We know we are separate and many of us will use that language as we talk. But focussing on the joining is important. So talk about ‘meeting at 7 tonight’, say ‘it was lovely to see you’ and ‘does anyone want to do something next week?’
This is an opportunity to reduce loneliness.
Priorities can become possibilities.
Parents, carers, shift workers, people with long commutes etc may hold coming to small group as a high priority. That doesn’t mean they can always attend. But now parents can be at home and at small group and far more people are at home instead of work and able to come too.
This is an opportunity to be all together.
Invest in the one to one relationships.
Even in small groups the deepest conversations tend to be in twos and threes. These are lifelines. But multiple conversations on a screen is just noise. This means we need to choose to invest in those smaller relationships in calls and messages. This is actually a brilliant thing as relationships go far deeper when they go beyond the ‘designated meeting time’.
This is an opportunity for daily life relationships.
Speak up and ask around.
Asking for help is hard, but that doesn’t mean we don’t need it. In fact being willing to receive help can help other be more open about their own needs. So make a space to ask each other what they need and be willing to receive help, whether its prayer, practical help or something else. There is a depth of relationship that comes from relying on each other.
This is an opportunity to learn how to rely on others.
Use the pauses.
Together in a room we can view pauses as awkward and a sign to move on. Video calls have far more natural pauses as people avoid talking over or overlapping with each other. A pause is not an awkward sign to move on and can be an opportunity to invite others to share in a way that feels more open than it may in a room together.
This is an opportunity to value every voice.
Perhaps a 7.30 start was manageable before, but did it include rushing dinner, not putting the children to bed and arriving without a break? If so, perhaps consider what time you can start so everyone can arrive feeling prepared and ready.

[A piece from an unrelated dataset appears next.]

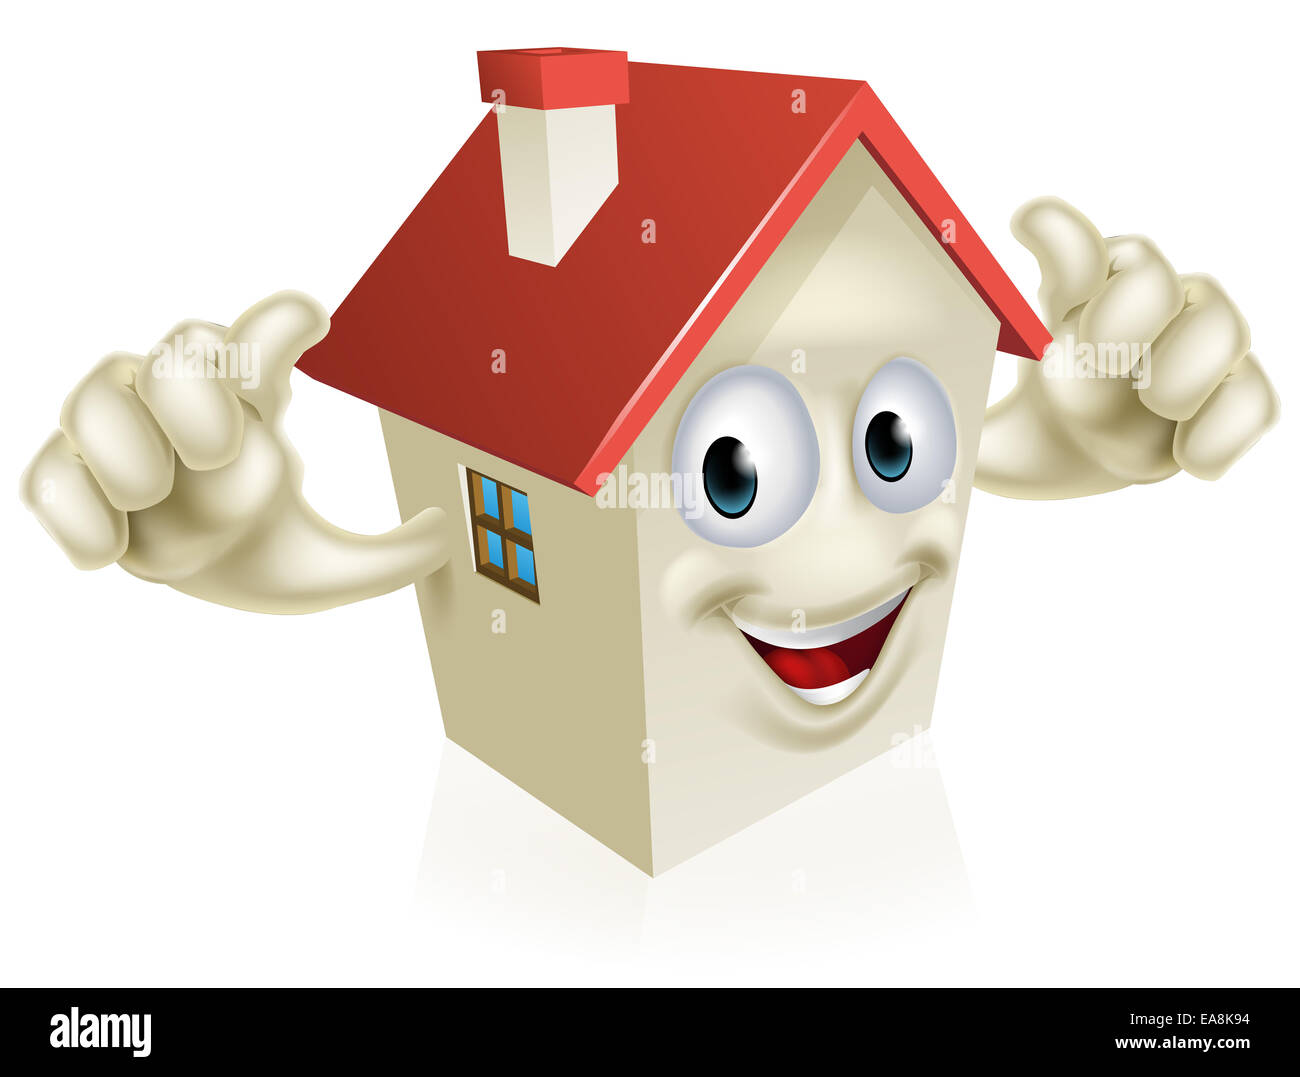 Une illustration d'une mascotte cartoon happy house en donnant un coup de pouce Banque D'Images

This is an opportunity to slow down.
Length is not everything.
Many groups watch the video or read the Bible passage together and it works. But this may be an opportunity for people to arrive with that done in advance. It means people have had time to think and reflect before arriving for the discussion questions. It may lead to shorter and more focussed conversations because people have already done some of the thinking. It may lead to longer conversations as people bring more complex questions to the group.
This is an opportunity to come prepared.
Try new things.
If you are happy with something, why change it. But, that can limit growth in new and unexpected ways. But video calls are new for your group, not everything you did will work now. So experiment with socials (click for ideas), asking about the impact of you last session or praying in new ways. Whether they work or not, they open up freshness and new ways of exploring and growing in faith and relationships.
This is an opportunity to grow deeper together.
What else would you add?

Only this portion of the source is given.